- _Data block_
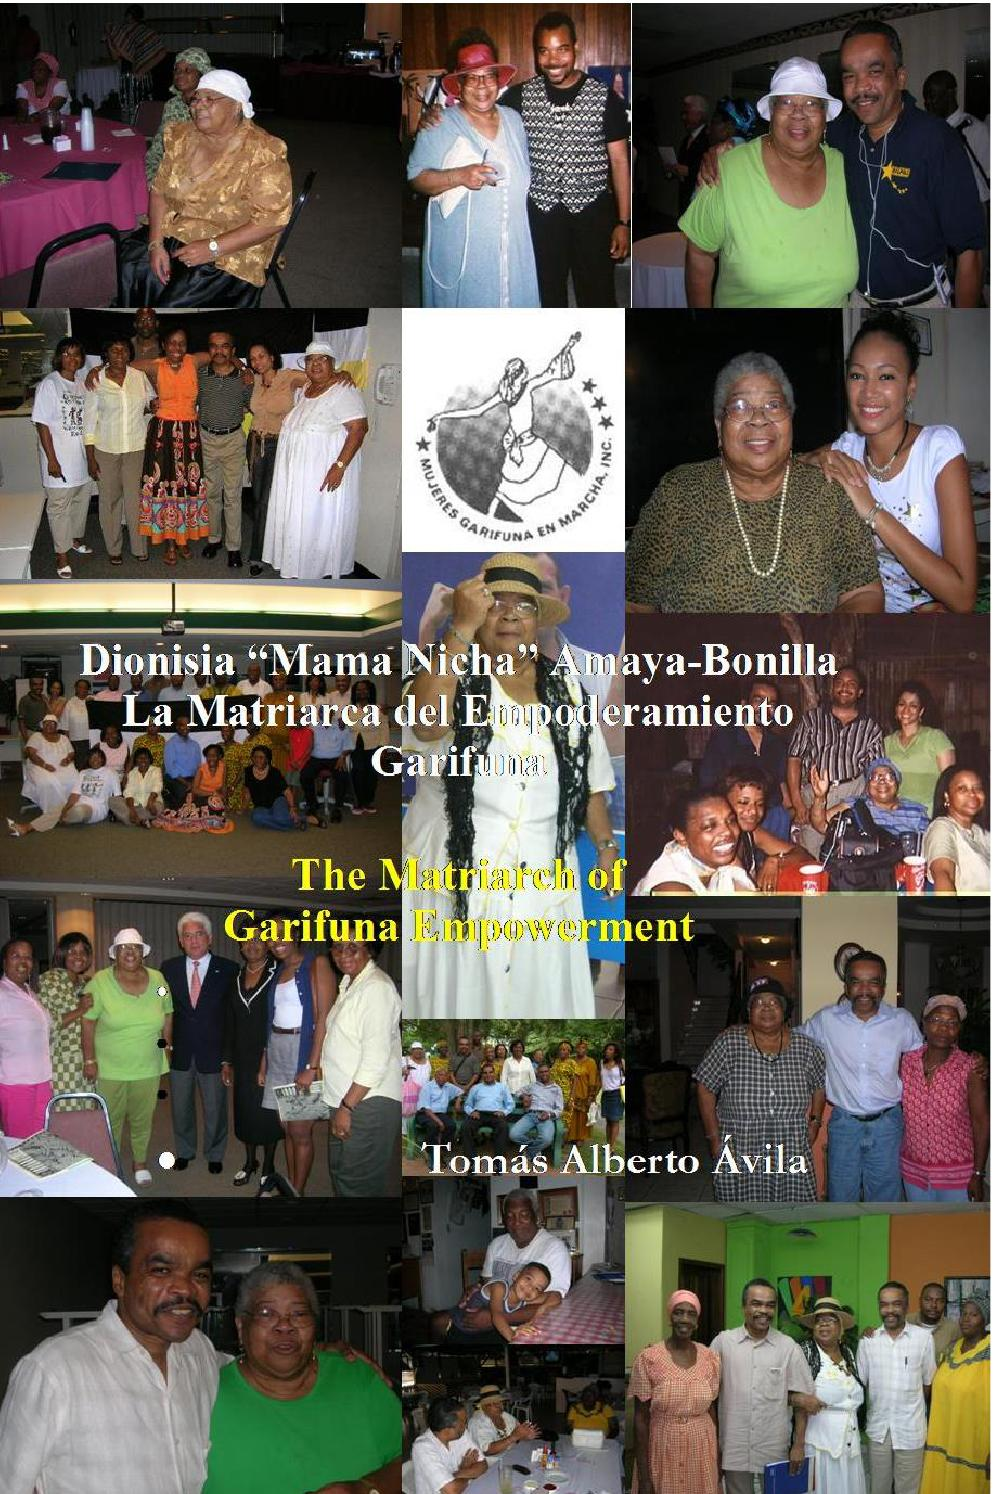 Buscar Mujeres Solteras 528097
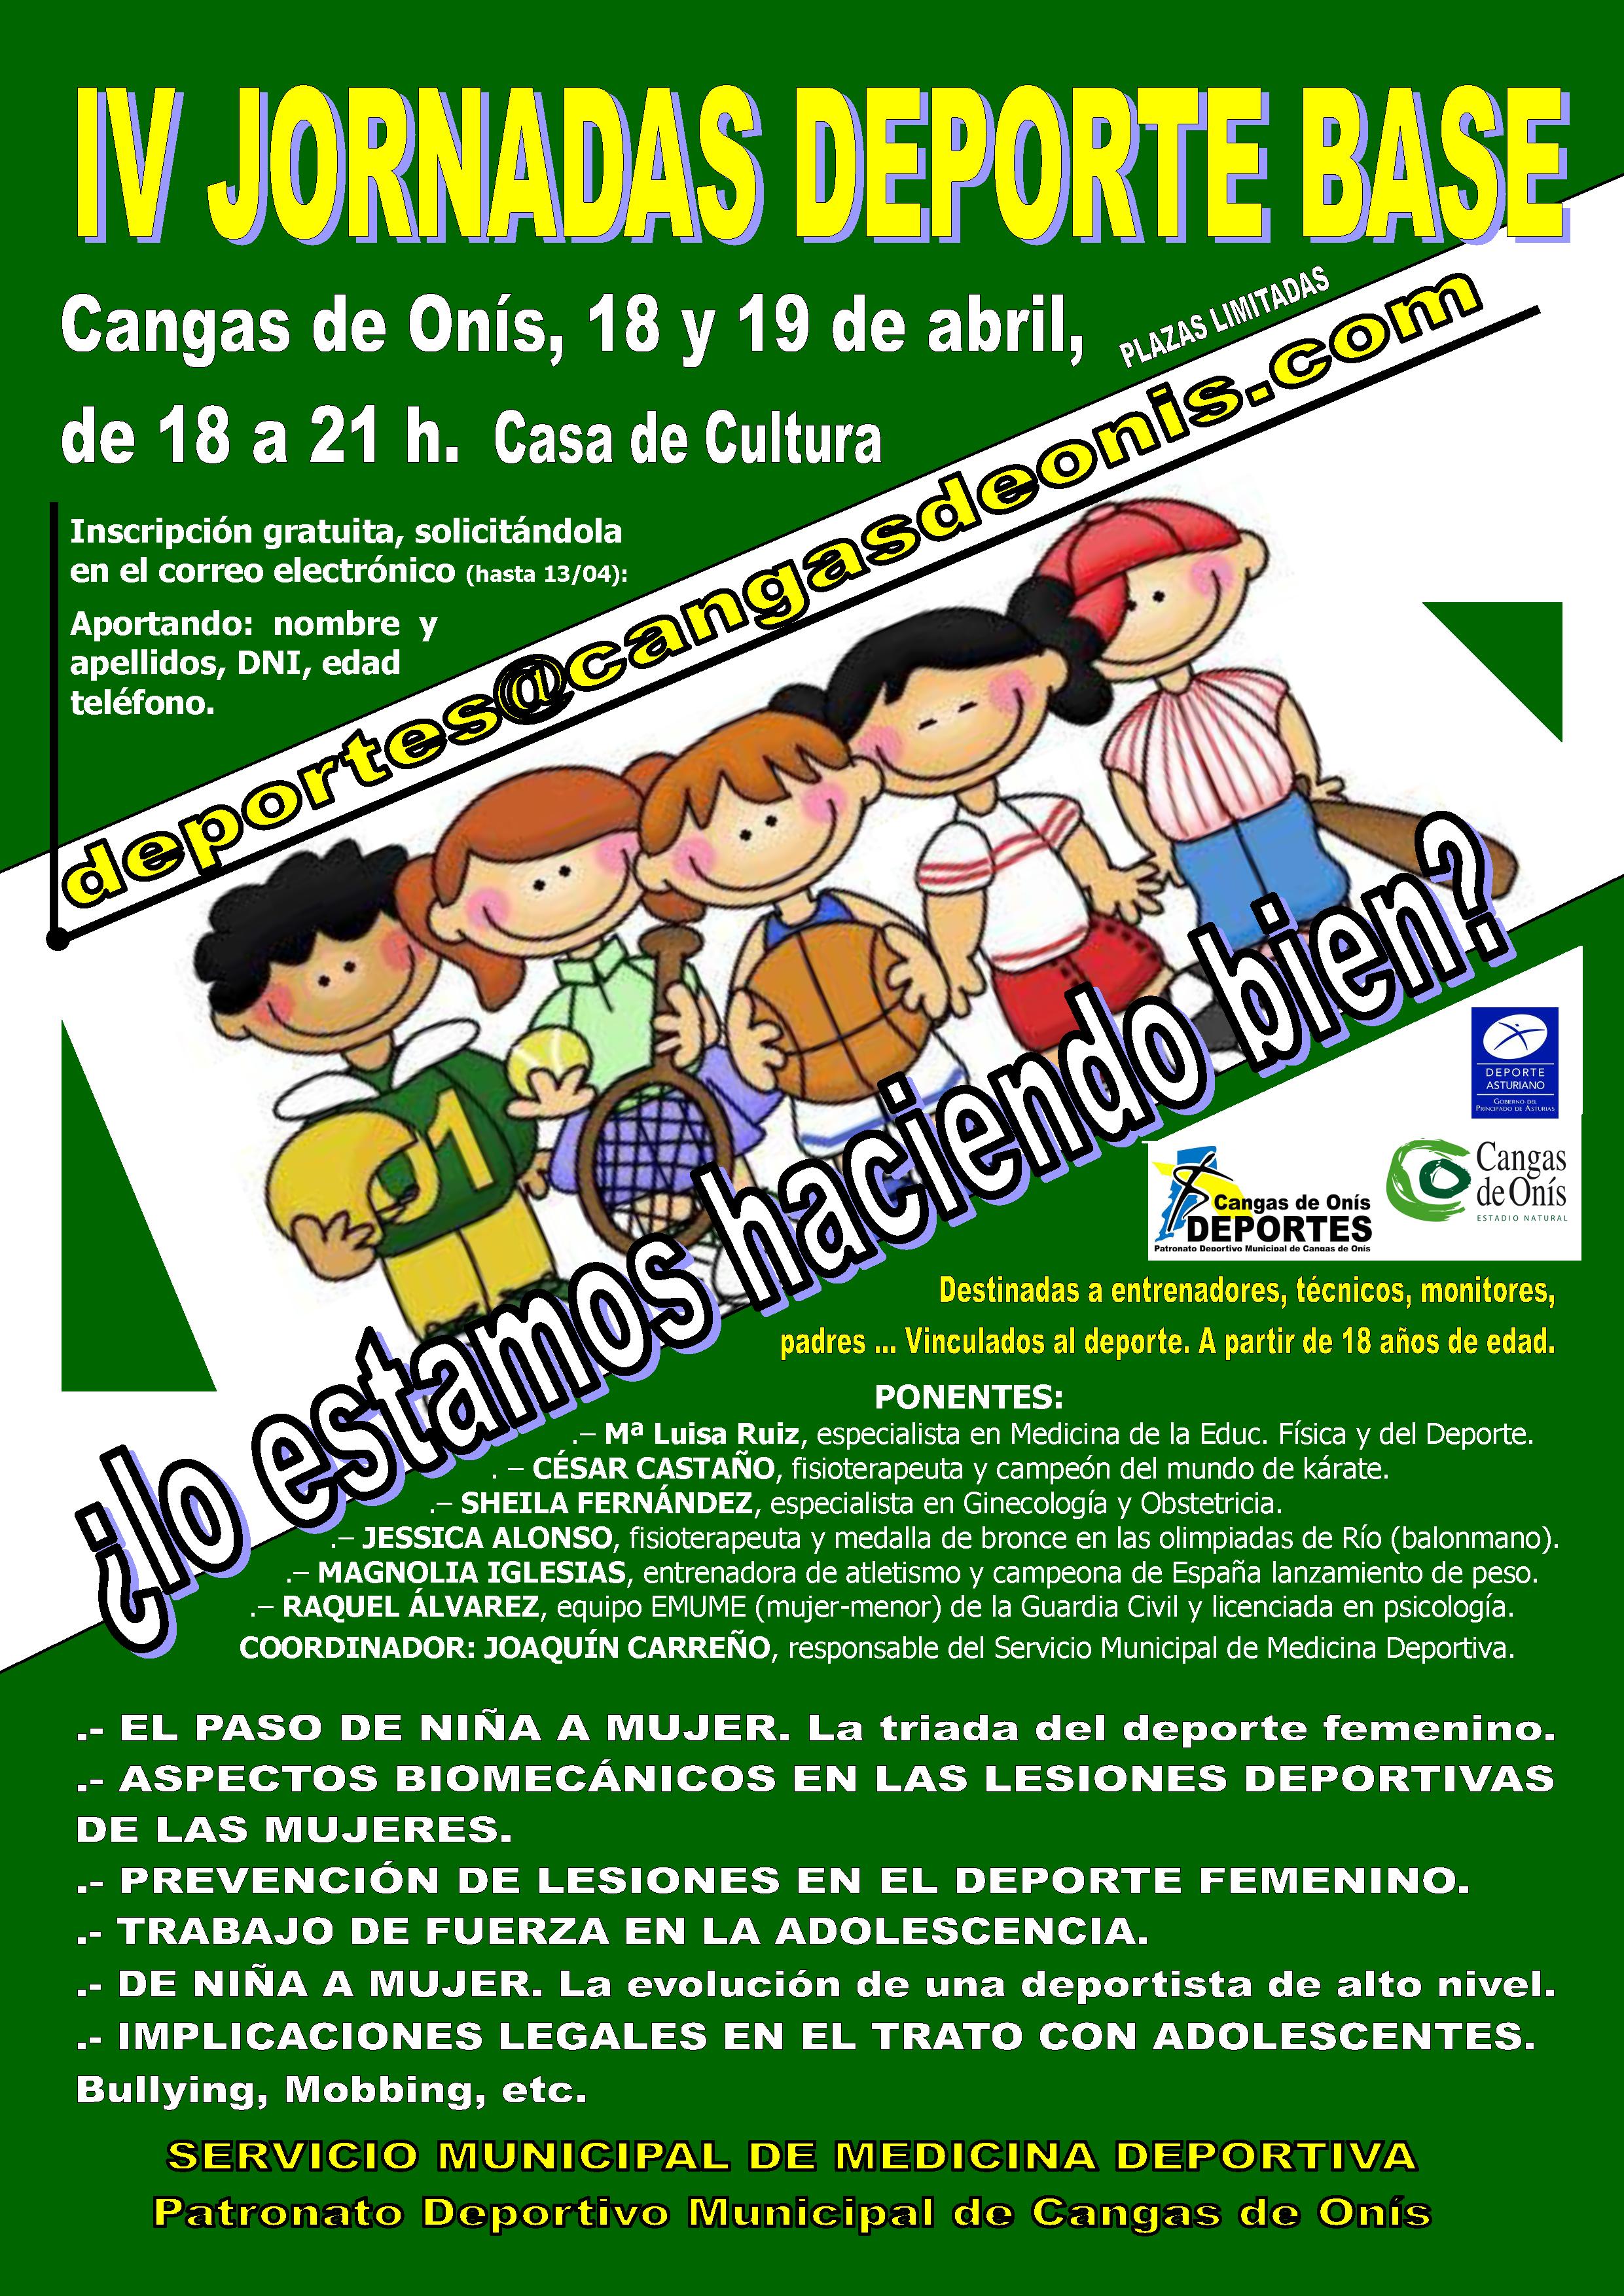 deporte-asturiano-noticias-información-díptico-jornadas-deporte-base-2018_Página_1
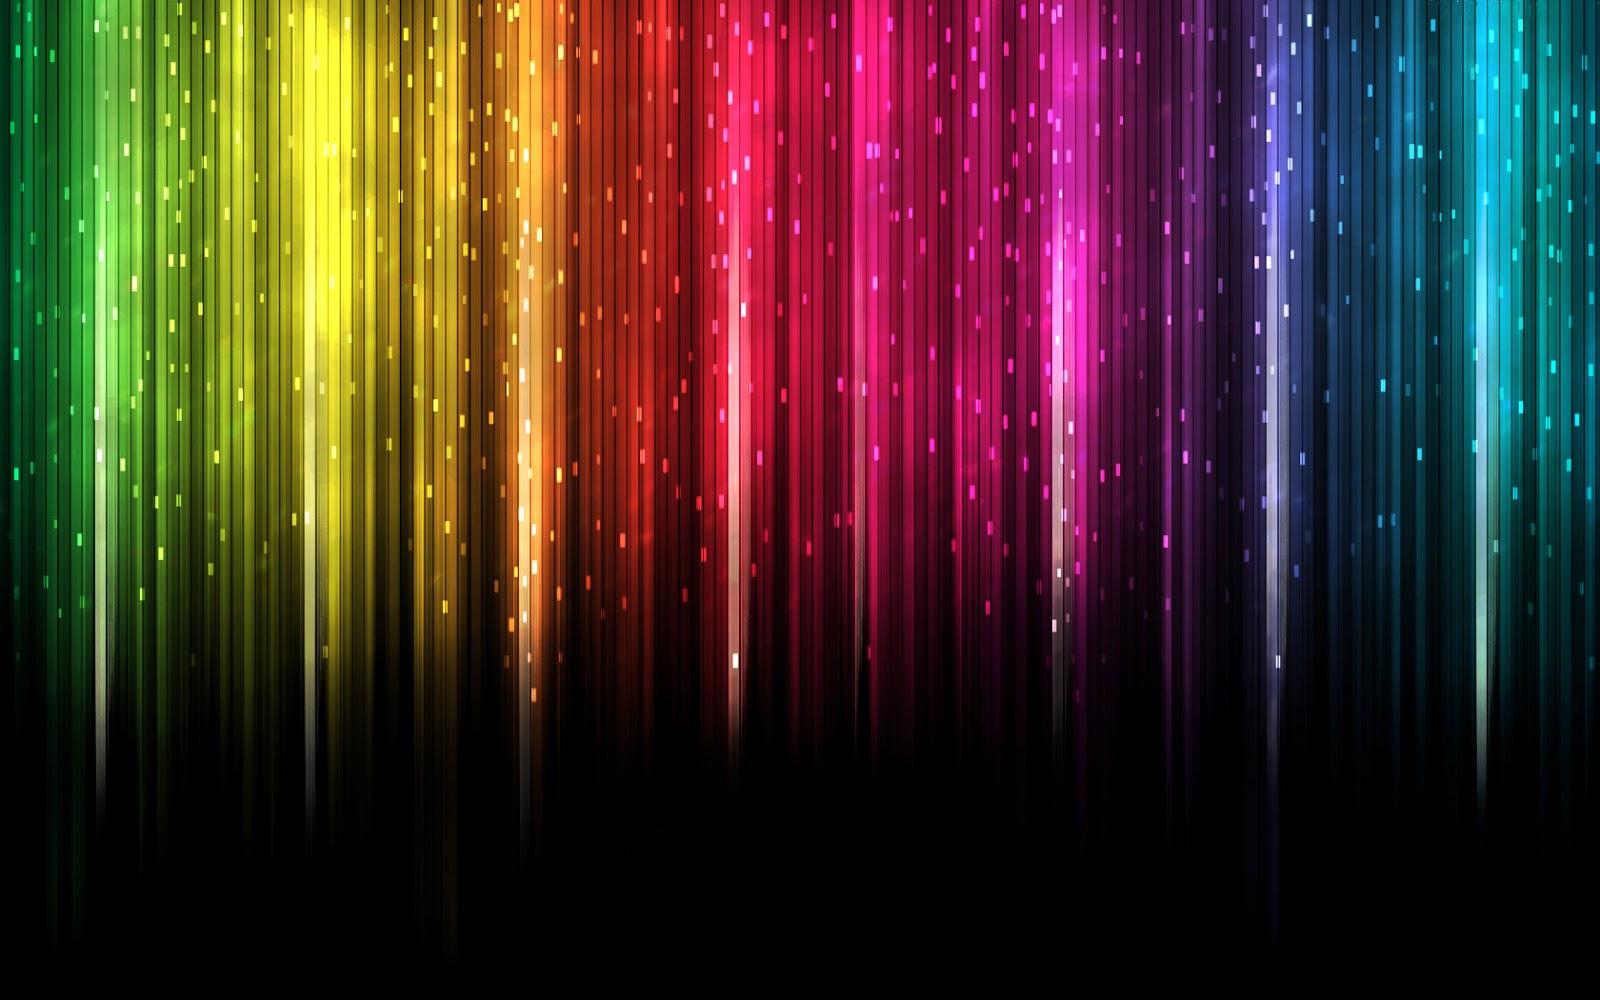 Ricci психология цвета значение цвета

- _What is needed_
Each line above should be returned exactly as written, apart from any pictures.

- _Answer below_
 Buscar Mujeres Solteras 528097
 deporte-asturiano-noticias-información-díptico-jornadas-deporte-base-2018_Página_1
 Ricci психология цвета значение цвета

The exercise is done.